__Assignment__
Give the listing again, word for word, and let no picture into it.

__Source material__
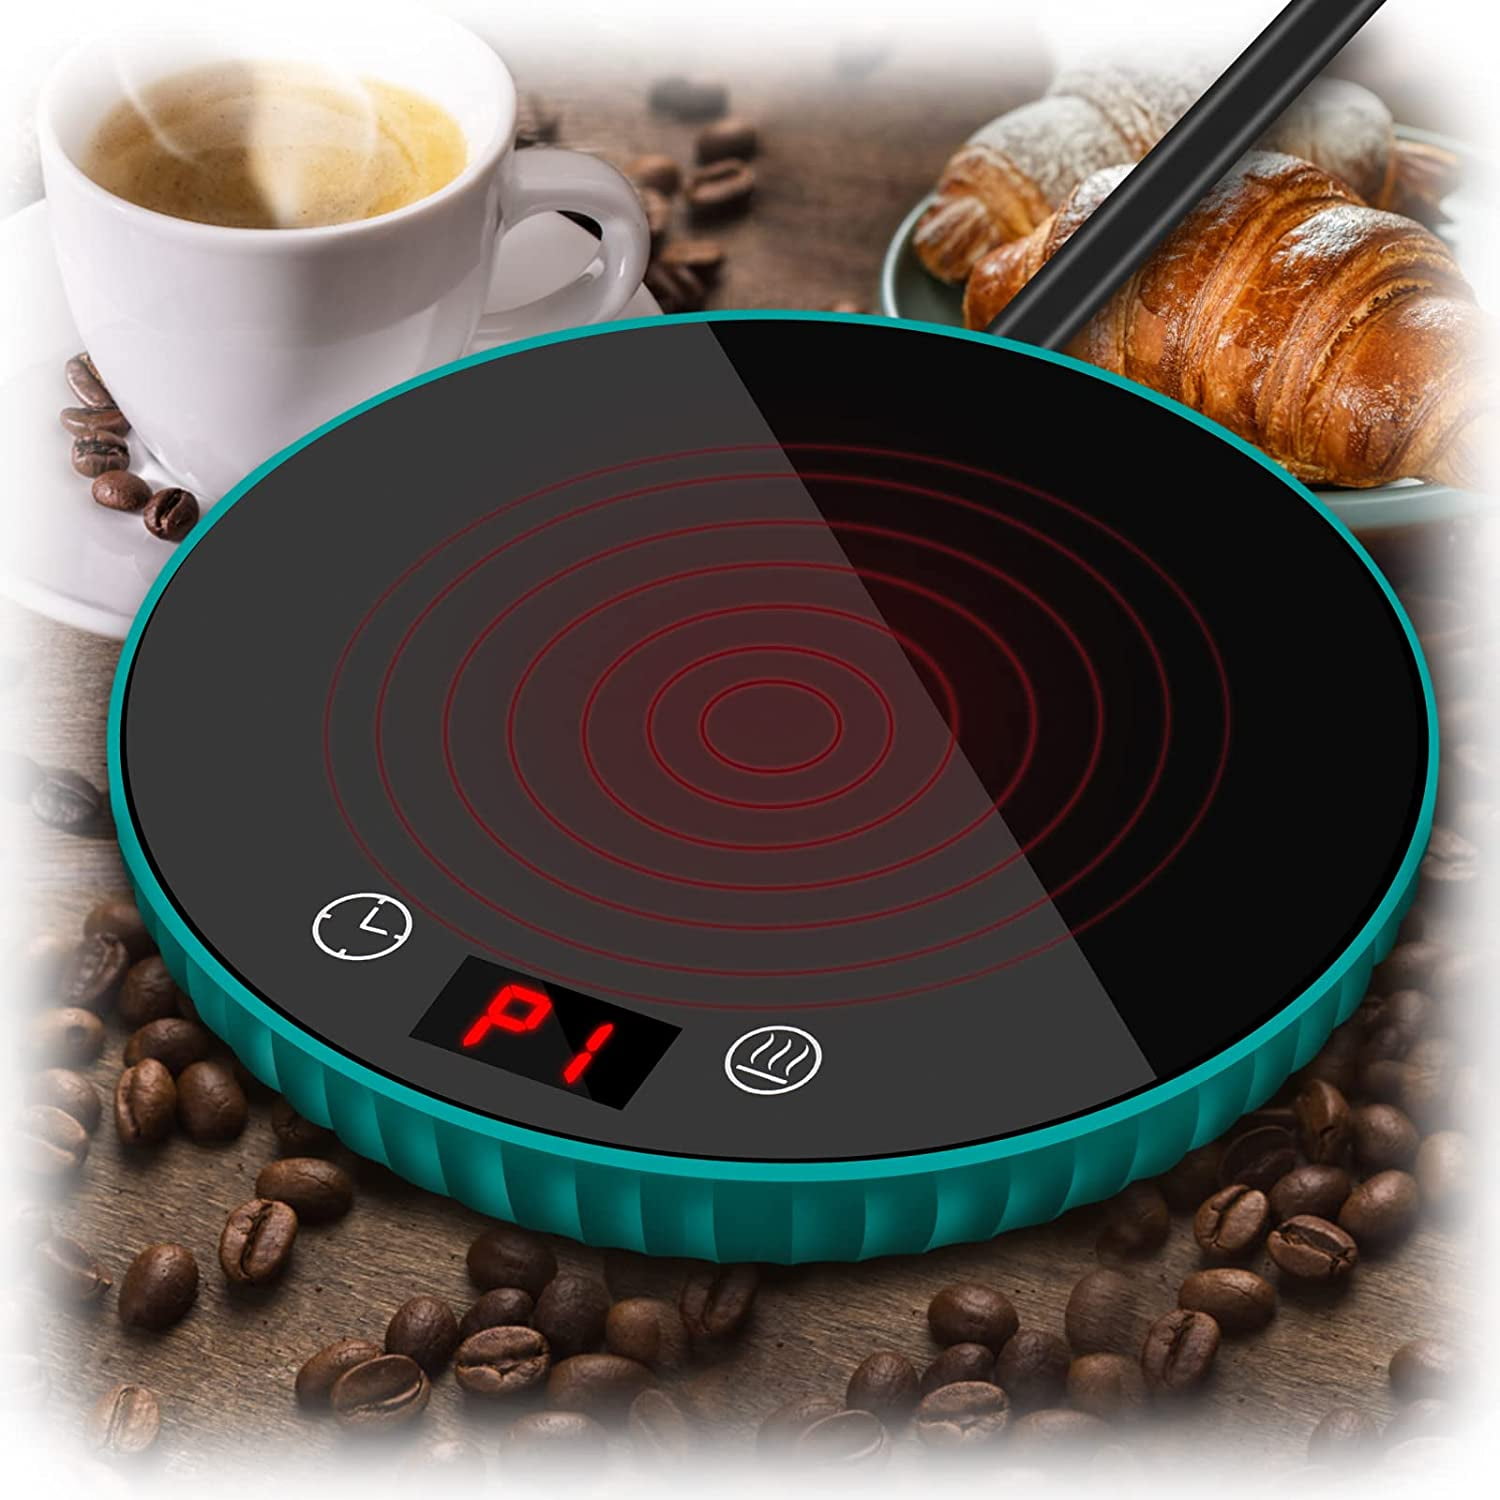 Hoofun Coffee Mug Warmer, Smart Cup Warmer for Desk Auto Shut Off & Timing, Electric Beverage Warmer with 2 Temperature Settings, Wireless Warmer Heating
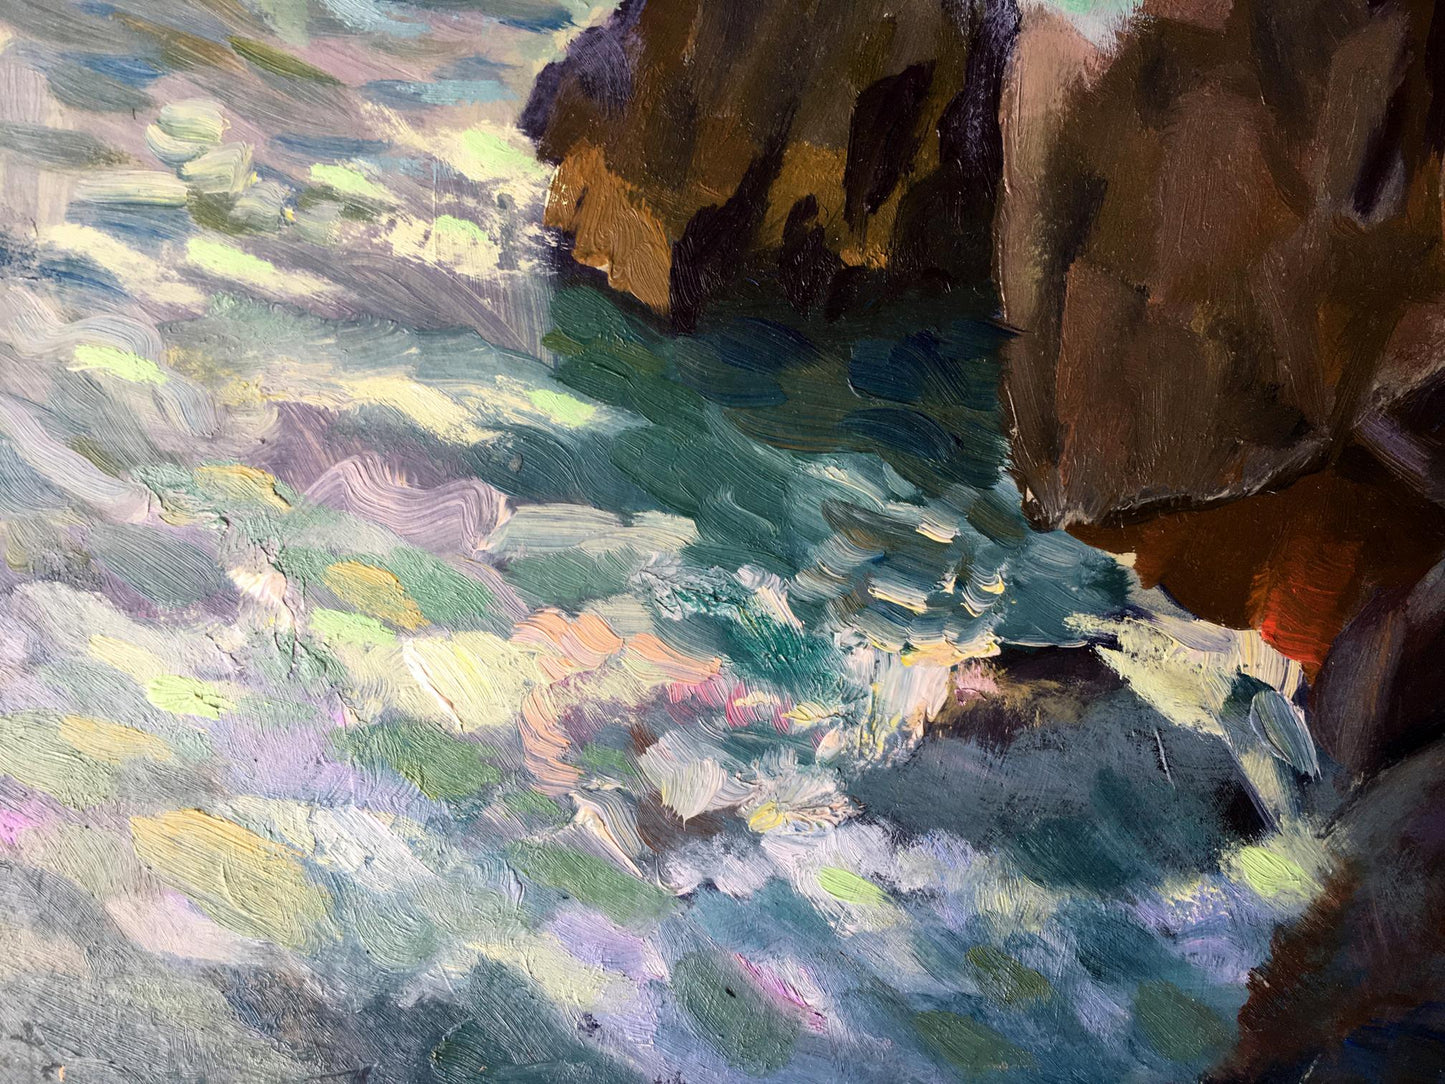 Oil painting "Morning by the Sea" by Batrakov, depicting serene seaside sunrise.
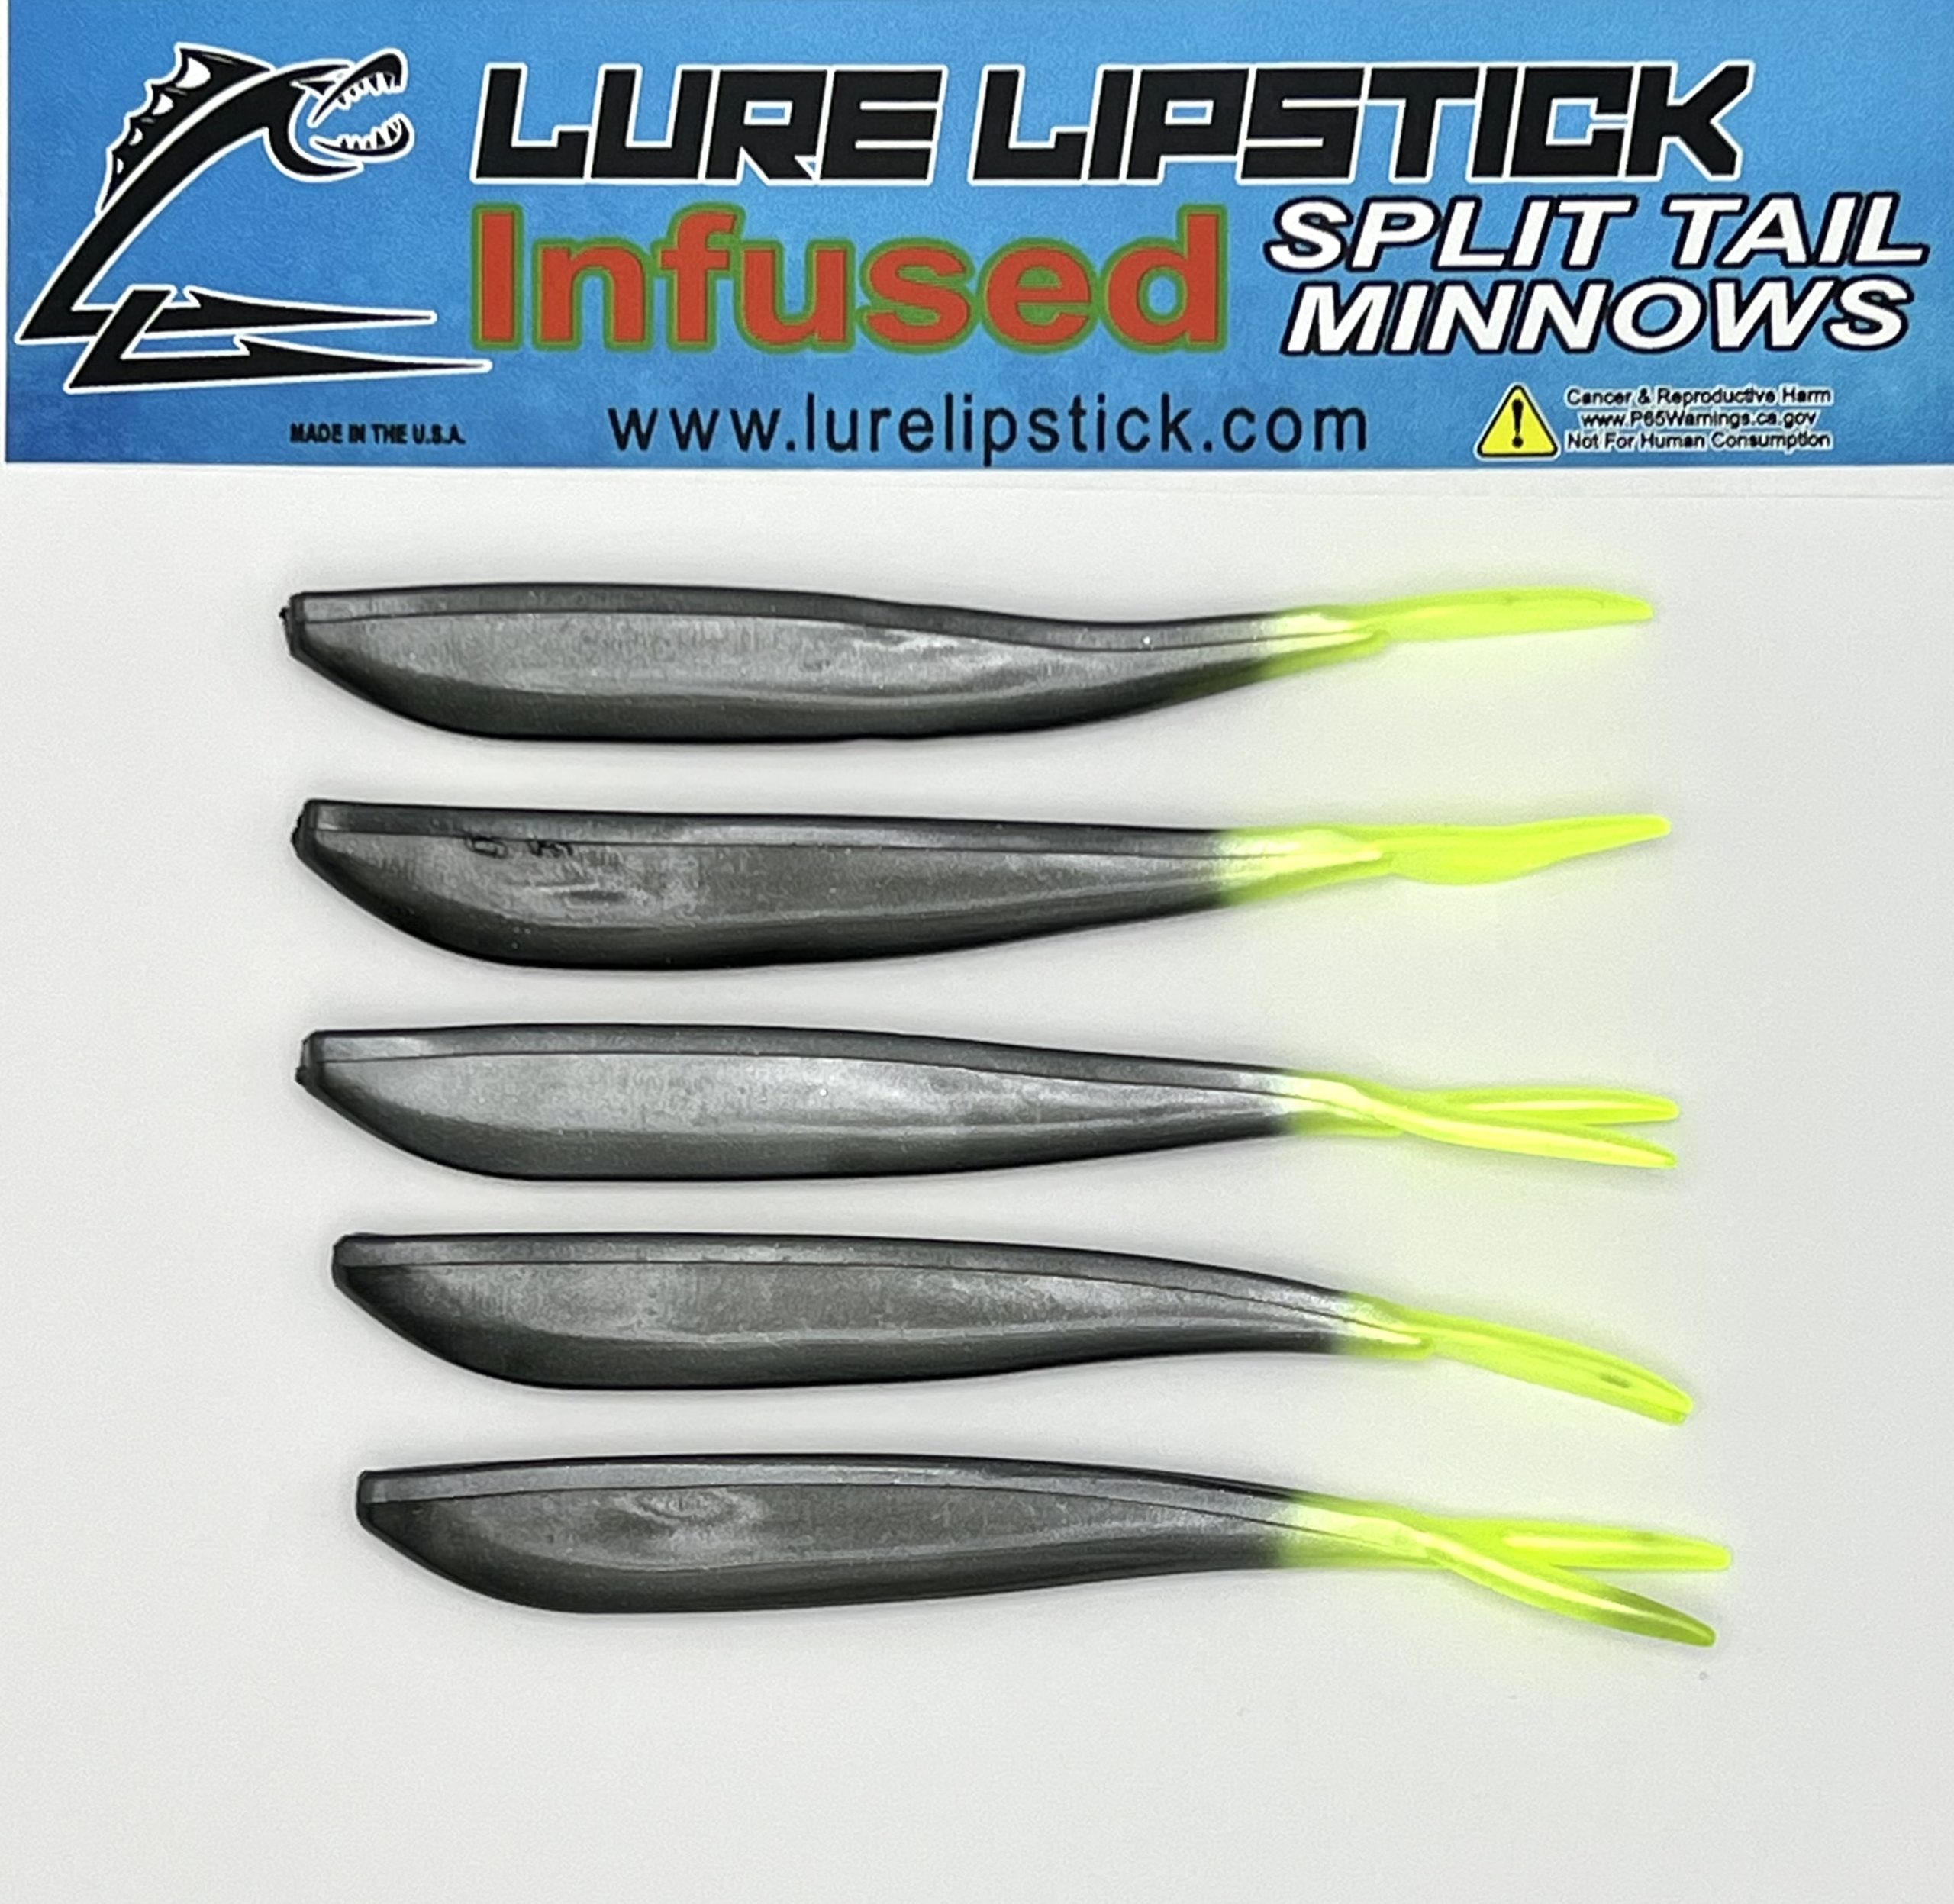 4 Inch 5 Pack Custom Split Tail Minnows - Iron Man Limage

__Problem solution__
 Hoofun Coffee Mug Warmer, Smart Cup Warmer for Desk Auto Shut Off & Timing, Electric Beverage Warmer with 2 Temperature Settings, Wireless Warmer Heating
 Oil painting "Morning by the Sea" by Batrakov, depicting serene seaside sunrise.
 4 Inch 5 Pack Custom Split Tail Minnows - Iron Man Limage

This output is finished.